Они жили в одном доме, часто вместе бегали по двору и играли в прятки. Он любил ее за измазанные зеленкой разбитые коленки, за зелёные, испачканные по неосторожности той же зеленкой руки, за зелёные, как зеленка глаза. Она его - за полосатые, дырявые гольфы, за руки, всегда тёплые, за то, что он помогал ей взобраться на самую верхушку яблони и хрустел вместе с ней ещё не зрелыми яблоками, от которых потом у обоих гудело в животе.
В первом классе он таскал ее за косички перед мальчишками, а она в отместку клала в его портфель кирпичи, которые вместе с подружками потихоньку таскала у школьного сторожа, на физкультуре он смеялся над ее кувырками, она – над его дырявыми гольфами, но всё равно давала ему списывать математику…В шестом классе он перестал ее замечать: теперь у него были дела поважней: в старом подвале они с мальчишками играли в карты, курили и слушали Цоя. Теперь было не до Лерки…Он упорно ее не замечал и всякий раз ей назло здоровался с ее подружками. Она мучилась и страдала, долгими вечерами просиживала за учебниками, а днями караулила его в школьном коридоре. Часто она открывала настежь окно и вдыхала влажный воздух, пропитанный ароматом сиреневых веток, которые без устали раскачивал летний ветер, и мечтала о любви…

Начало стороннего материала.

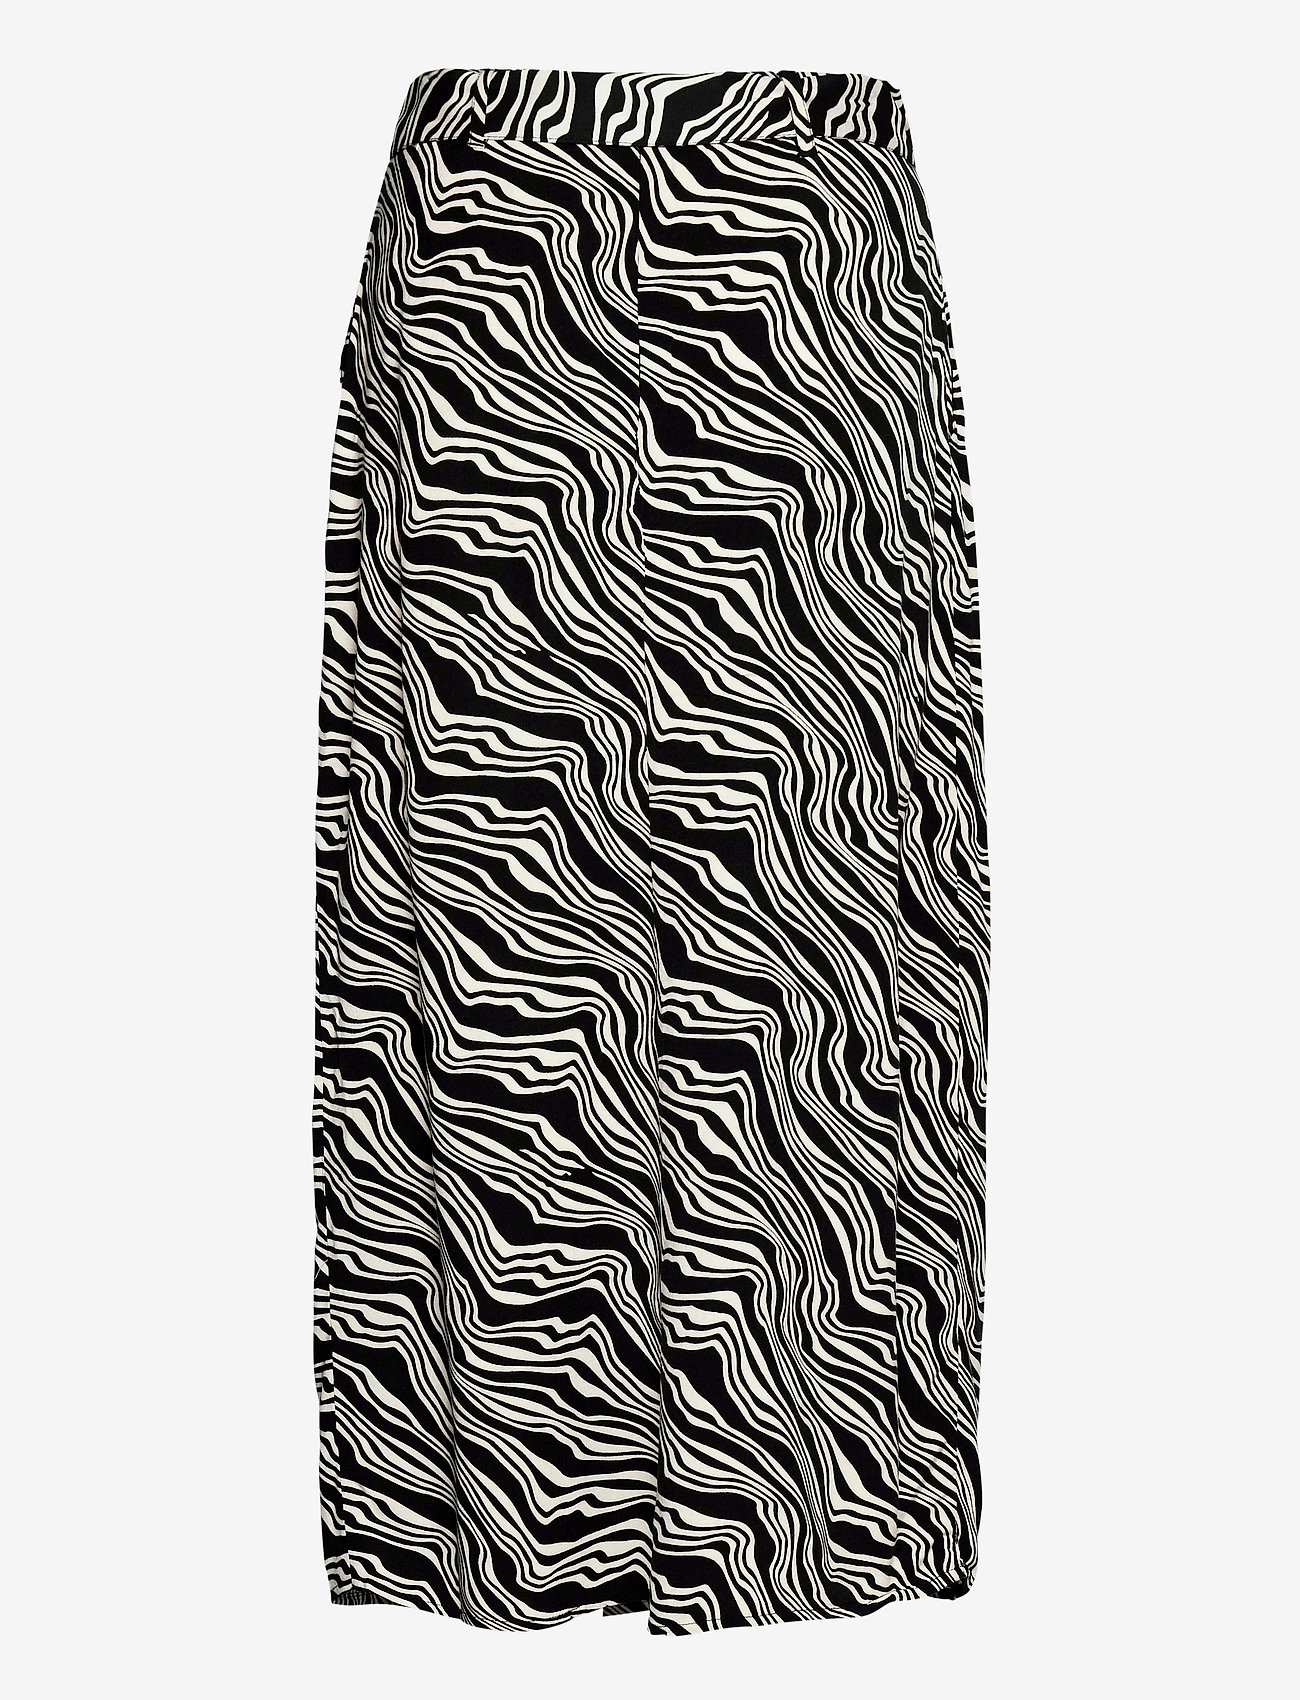 Tom Tailor - skirt with with wrap detail - ilgi sijonai - black wavy design - 1

Однажды зимой в классе восьмом она возвращалась из школы и увидела, как он с друзьями играет в снежки, она и подумать не могла, что через пару минут станет мишенью: заприметив девчонку, не разбираясь, кто это, они пустились вдогонку, кидая шарики тяжёлого снега ей в спину и в голову. Она бросилась бежать, но тяжёлый портфель повалил ее на землю, и через пару мгновений она почувствовала холодный липкий снег везде: во рту, в носу, на ресницах… Задыхаясь от снега и от слёз, она пыталась подняться, но кто-то сильно толкал ее в снег, всё снова и снова… «Лерка??» - это всё, что он сумел сказать, когда увидел ее, лежащую в сугробе, мокрую, униженную, рыдающую навзрыд. Она больно укусила его за палец, когда он попытался отряхнуть с ее шапки снег…
Он сумел разглядеть ее лишь на выпускном вечере, когда она показалась на лестнице в бледно – розовом платье со слегка собранными на затылке волосами пепельного цвета, он снова полюбил ее зелёные глаза, которые в детстве любил сравнивать с зелёнкой…Он робко подошёл к своему розовому видению: «Лер, может, потанцуем?»
Она хотела кричать от радости, прыгать, смеяться, броситься ему на шею и обнять крепко-крепко, но она только тихо сказала: « Я не танцую…»
Она танцевала потом со многими ребятами, но ни разу не взглянула в его сторону, а он не отрывая глаз смотрел на бледно-розовый шёлк и тонкие хрупкие плечи.
Они встретились два года спустя на школьном вечере: она была всё той же обаятельной, худенькой, с короткими пепельными волосами, только теперь она была уже не Лерка, а Валерия. «Потанцуем?»- спросил он, немного смущённый. Она улыбнулась и слегка кивнула головой в знак согласия. Они кружились в танце, он смотрел в ее зелёные глаза и не понимал, как он мог сравнивать этот нежный зелёный цвет ее глаз с ядовитым цветом зелёнки. Ему хотелось прикоснуться к ее коже, прижать к себе ее тело, покрывать поцелуями ее веки, руки, плечи; хотелось чувствовать у себя на губах вкус ее мягких губ, хотелось вдыхать пепел ее коротких жёстких волос, хотелось всегда видеть в зелёном омуте глаз своё отражение…
Они много вечеров проводили вместе: гуляли по вечернему городу, ходили в кино, взявшись за руки, кормили сухарями голубей в старом парке. Он всё больше убеждался, что все его увлечения до этого были несерьёзными, что ни с кем ему ещё не было так интересно, как с Лерой, смешной, немного нелепой, но всегда очень искренней и нежной.
Она была совсем другой, непонятной, едва ли не загадочной - смеялась звонким смехом над его бесконечной болтовнёй, рассказывала ему о миллиардных количествах звёзд и таких же миллиардных количествах галактик, а потом наизусть читала стихи…Просто так, от того, что сердце дышало какой-то особой тихой радостью…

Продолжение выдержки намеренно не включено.